Removing Double-Logging (FAST 22) 论文笔记

摘要

类似 Mysql 的 RDB 存储引擎通常是以B+树为代表的 InnoDB，而基于 LSM-Tree 为代表的存储引擎以高性能和更高效的存储空间利用，逐渐替代前者。

但 LSM-Tree 存储引擎与上层 SQL层的结合又会引来一个关键的双重日志问题：

上层 RDB 和下层存储引擎都实现了冗余的 redo-log 机制，导致了不必要的IO性能开销

本文提出了一种新的机制：PASV 被动数据持久化方案，能够有效解决双重日志问题；

具体来说，PASV 通过完全移除存储引擎层的 WAL，同时引进了新的机制，包括：

被动内存缓冲区刷新策略
基于周期的数据持久化方案
优化后的部分数据恢复过程

来实现正常运行期间的可靠性和低成本进行数据持久化，并在系统故障时快速恢复；

最后达到的性能指标：

吞吐量提高 49.9%
延迟降低 89.3%
减少IO数量达到 42.9%
系统恢复时间缩短 4.8%

1 介绍

LSM-Tree 存储层与上层 SQL 层是隔离的，存储引擎可以作为一个插件进行替换

当请求到来时，

SQL 层，需要负责 RDB 层面的逻辑，比如：SQL解析、查询优化、查询处理、事务执行，但为了系统崩溃后的恢复，通常需要一个 redo-log 机制，Mysql 中就是 Binlog
存储引擎层，需要接收来自上层的请求，持久化数据到存储设备，类似的，通过 WAL 来保证在系统崩溃等异常情况下对数据的恢复

2 Double-Logging Problem

2.1 三种日志的作用和 double-log 带来的影响

Binlog 日志记录内容：

完整的 SQL 语句或行级变更，事务的开始、提交或回滚信息、元数据时间戳等

恢复过程：重放SQL操作、整个事务

Rocksdb WAL 记录内容：

完整的键值对操作，插入、更新、删除等，以及每个操作的序列号或时间戳

恢复过程：重放键值对操作

Innodb redo-log 记录内容：

页面内容的具体更改，包含页面ID、偏移量、旧值、新值，不包含完整的行数据

恢复过程：重放页面更改操作

WAL 和 Binlog 在功能和记录的内容上重叠度更高，区别仅仅是 Binlog 保存的是原始 SQL，WAL 保存的是转换后的 KV，导致了以下影响：

空间浪费
IO次数增加，日志都是需要落盘的，重复的日志写入将导致性能的降低，如图2(b)

Mysql 事务执行与 Binlog 的两阶段提交：

（1）事务执行（一个只有 update 的事务）

从磁盘获取这条记录，SQL层将旧记录和新记录同时传递给存储引擎
开启事务，首先生成一条 undo log，用于事务后面如果要回滚
存储层收到事务转译过来的kv后，写入 redo-log（WAL）
SQL层只需要确定事务都写入存储层的WAL后，就定义已执行完成，并持久化
然后，上层把 SQL 日志写到 binlog cache（遵从每个事务串行写入）
至此，事务执行完成

（2）事务提交（两阶段）

目的：防止半成功的状态，需要保证 binlog 和 WAL 都完成持久化

由于上下层之间是互相独立的，

如果没有两阶段提交，无法保证 binlog 持久化完成和 WAL 持久化完成能同时成功：

情况1：WAL 持久化，binlog cache 未刷盘，此时宕机后恢复

恢复阶段，存储层 WAL 日志重新执行，比如 k1 = 2，但由于 binlog 里面没有记录这条记录，

导致主从架构中，从库复制了 binlog 后，最后执行的状态，存储层出现键值不一致的情况，从库可能k1=1

情况2：binlog 持久化，WAL 未刷盘，此时宕机后恢复

Binlog 默认存储层已持久化，主库恢复时，WAL 中没有 k1 = 2，但 binlog 里面有个 update k1 = 2

由于 binlog 不参与恢复重建，只有 WAL 是 cache-safe 的

主库 k1 = 1，从库 k1 = 2

MyRocks 两阶段提交：

Prepare 阶段

kv对写入到 WAL，同时在 WAL 中将对应的事务状态设置为 prepare

Commit 阶段

将 binlog cache 里面的记录刷盘，成为真正的 binlog，

接着 SQL 层调用存储层的事务提交接口，将 WAL 里面对应的事务状态置为 commit。

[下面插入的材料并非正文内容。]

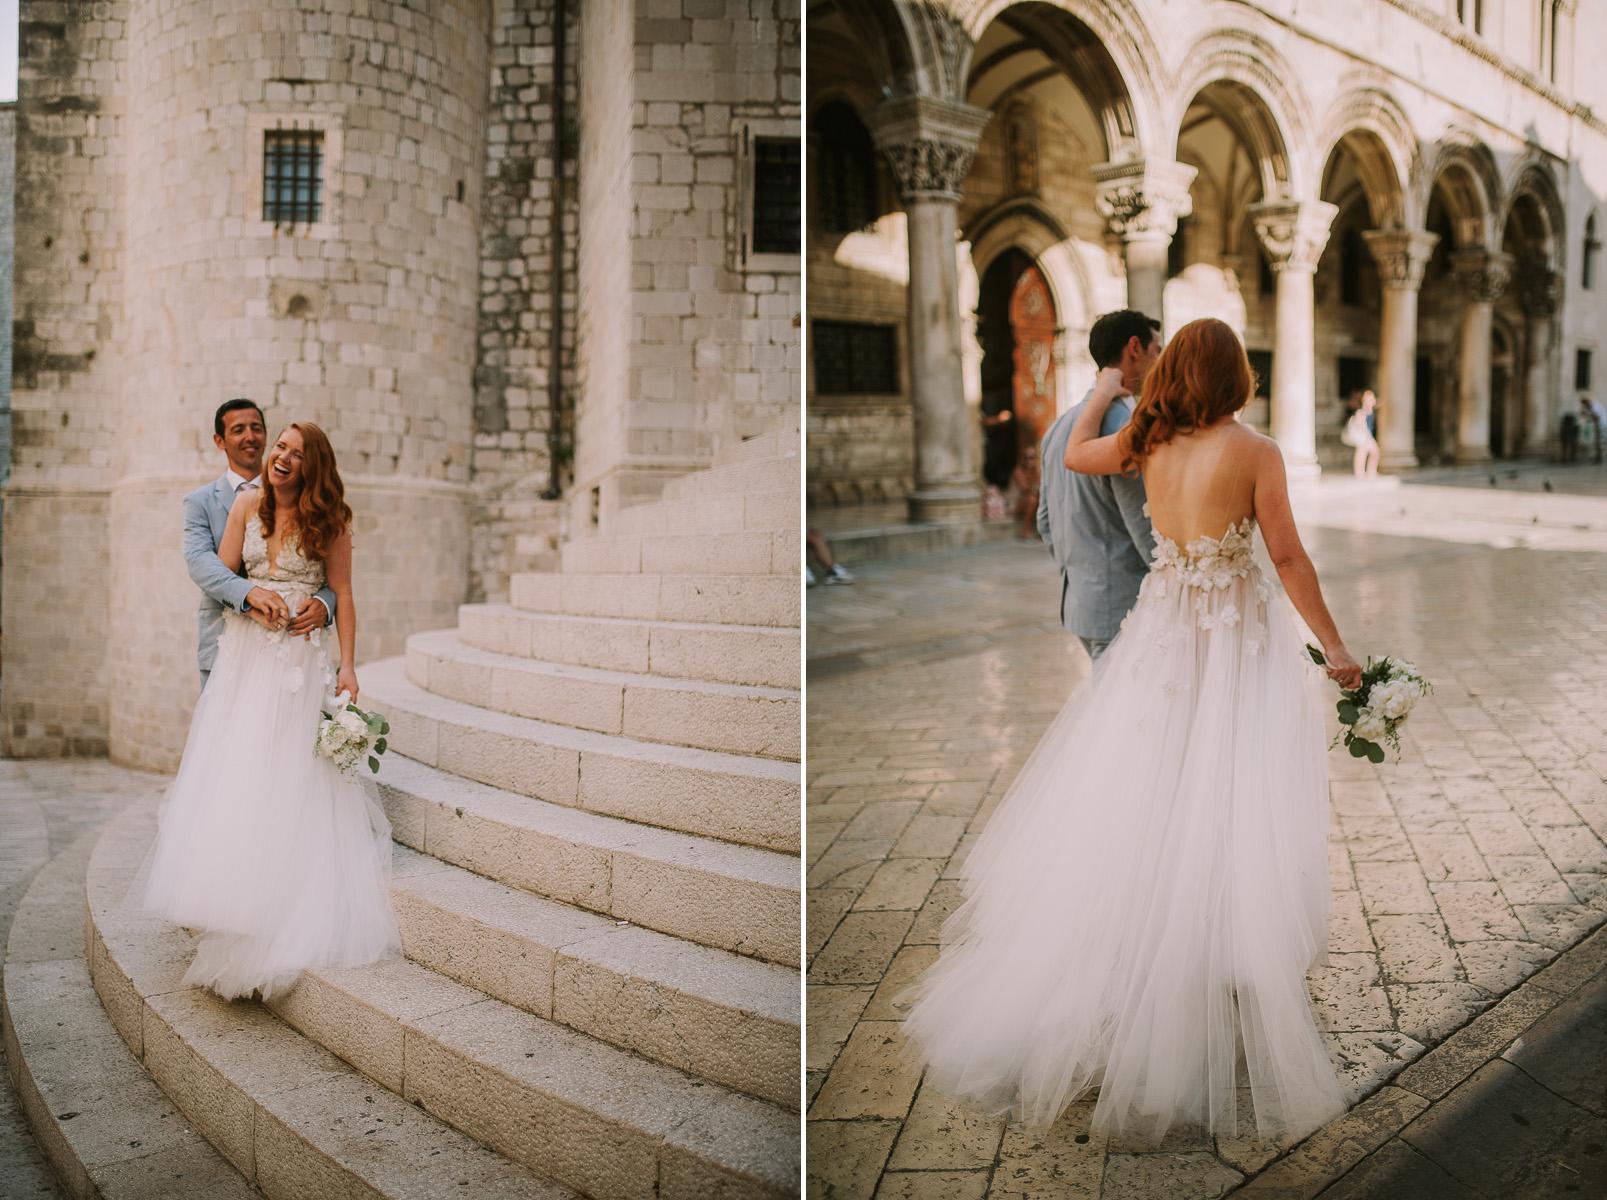 wedding in dubrovnik - de botanika weddings (69 of 193).jpg
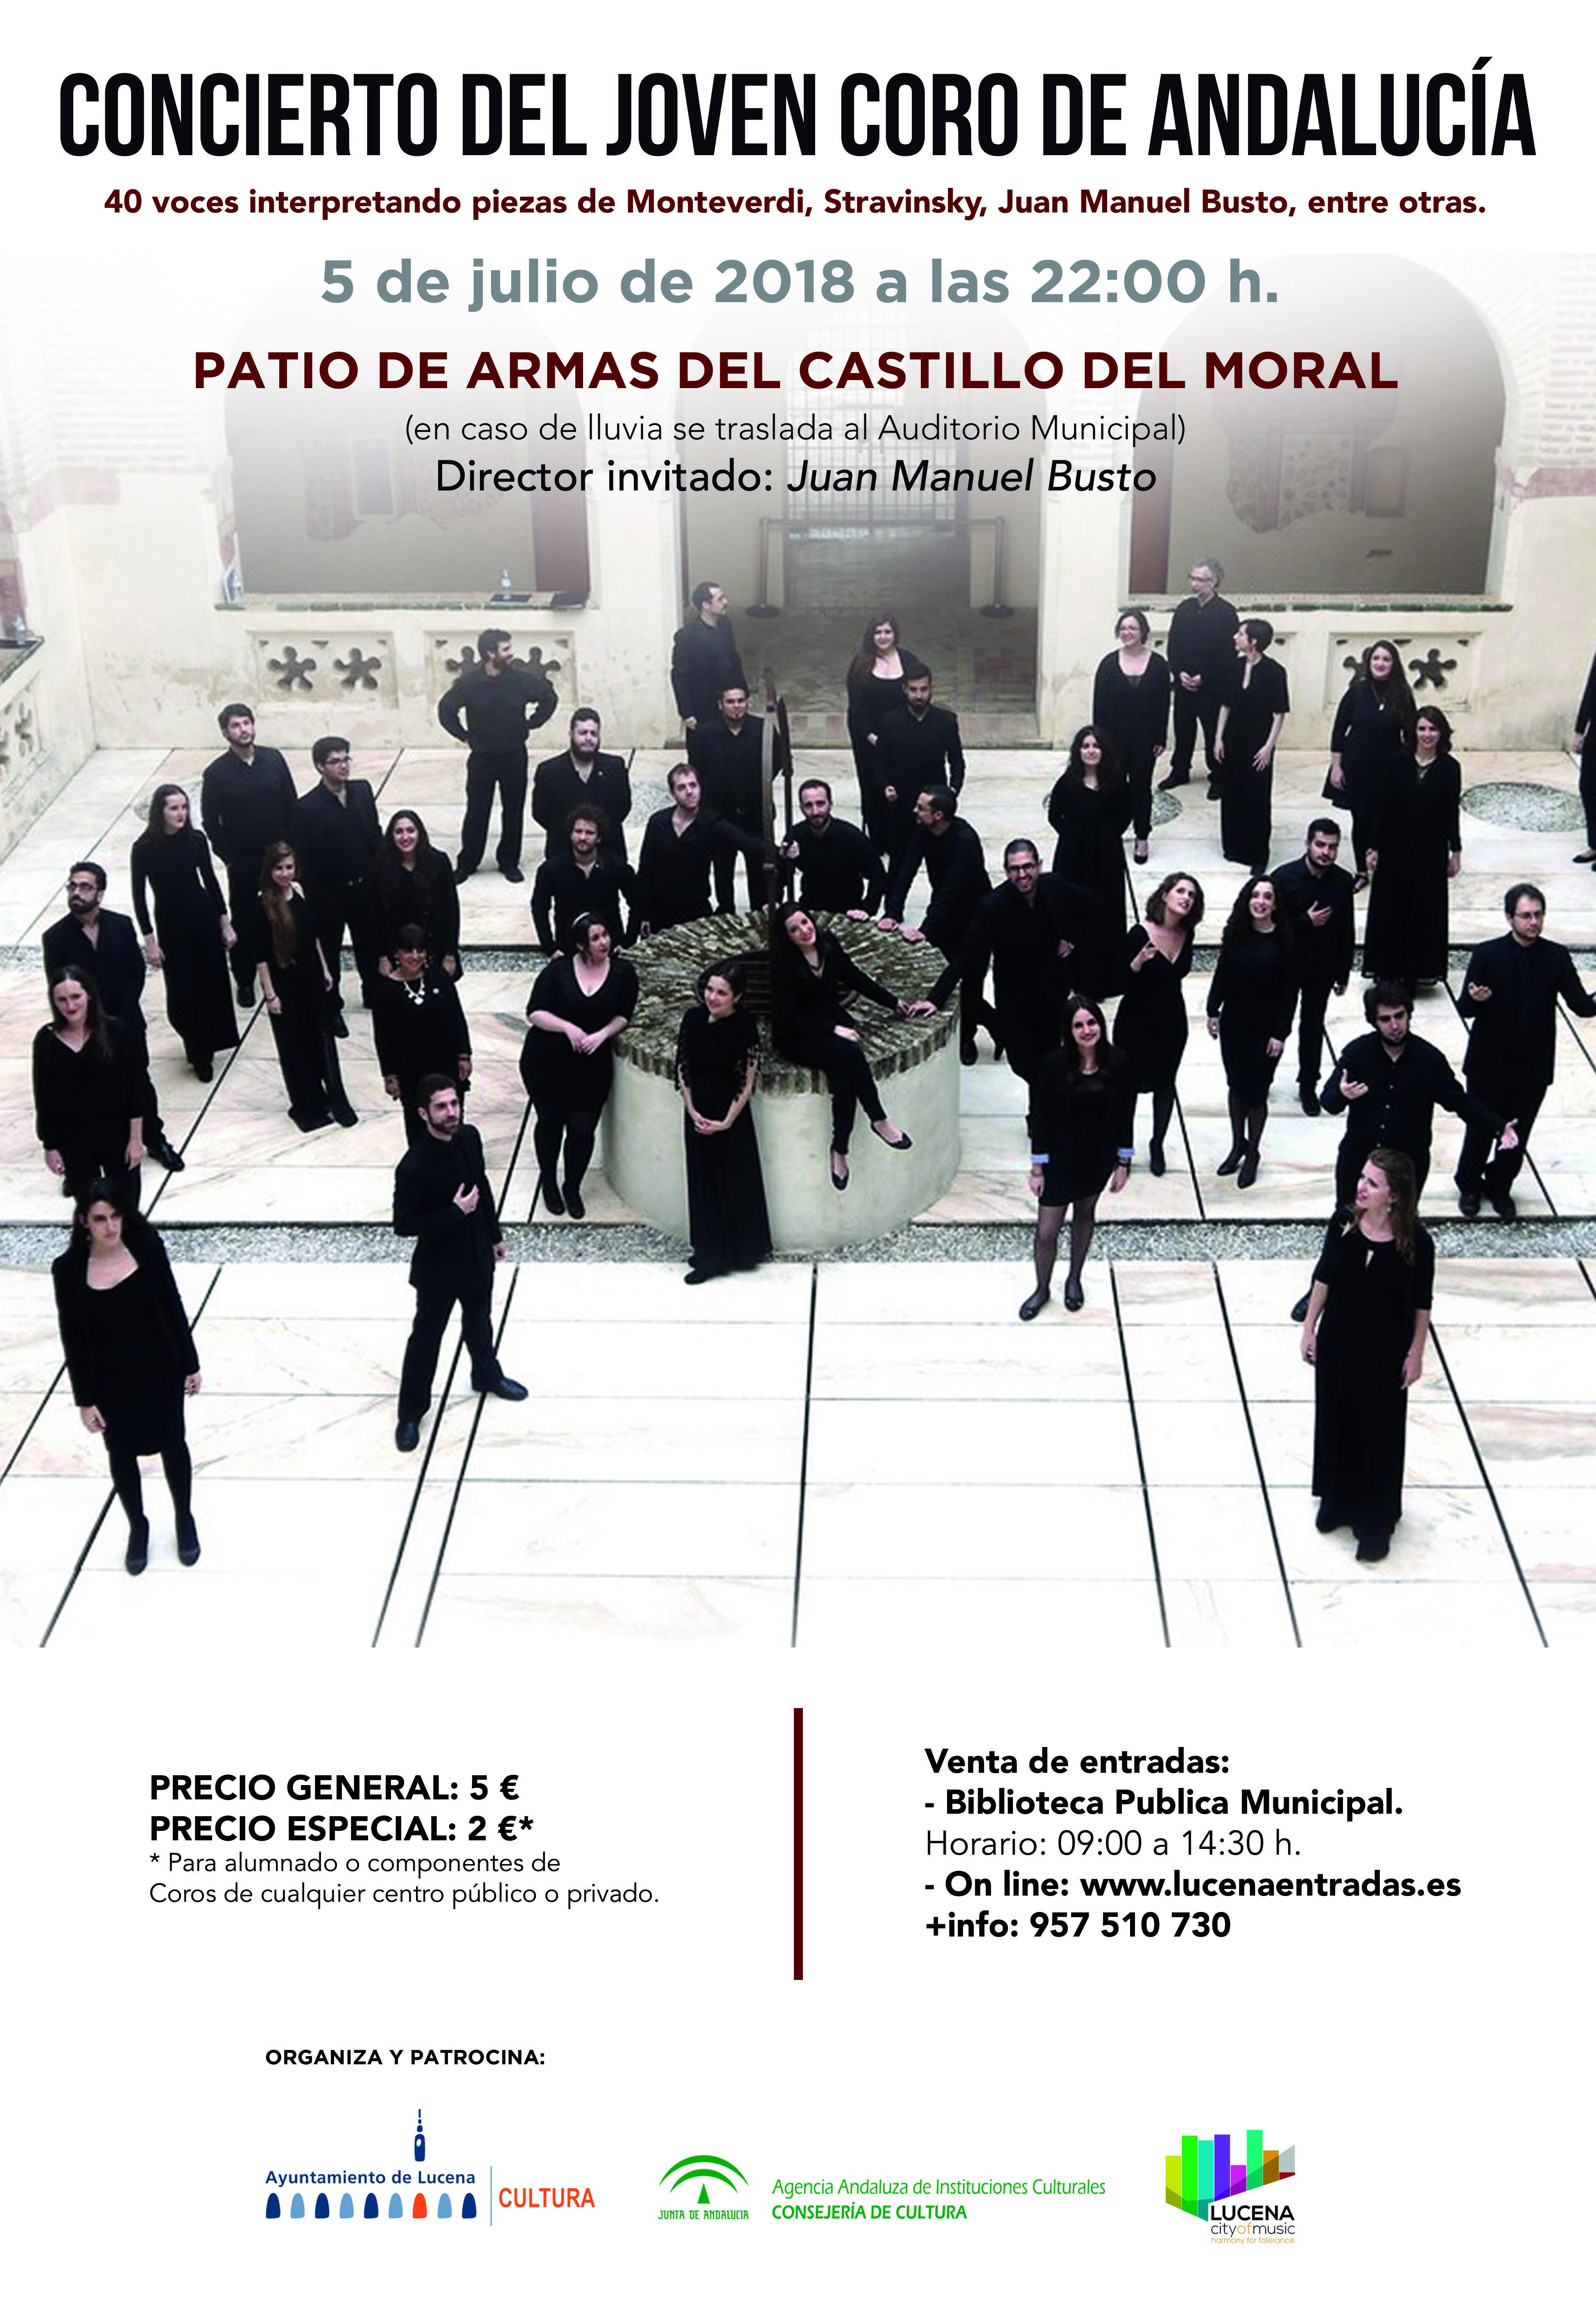 CONCIERTO DEL JOVEN CORO DE ANDALUCÍA @ Castillo del Moral

至此，能够保证 binlog 和 WAL 的一致性。

MyRocks Two-Phase Commit:

Prepare Phase:
1. Key-value pairs are written to WAL, the corresponding transaction status in the WAL is set to “prepare”.
Commit Phase:
1. The records in the binlog cache are flushed to disk, becoming the actual binlog.
2. Then, the SQL layer calls the storage layer’s transaction commit interface to set the corresponding transaction status in the WAL to “commit”.

The same records will be written twice in binlog and wal.

（2）再由 Binlog 回放，在重新执行 SQL 语句的过程中，SQL层先解析成 kv 对并发送给存储层，在存储层接收时，RocksDB 优先将新的上层请求放入 WAL，再将kv对写入Rocksdb（相同kv写Rocksdb第二次）

如何解决 double-log 带来的性能下降

本文提出的解决方案：移除存储层的 WAL，仅保留 SQL 层的 binlog

The main idea is to remove WAL.

However, it will cause three critical challenges.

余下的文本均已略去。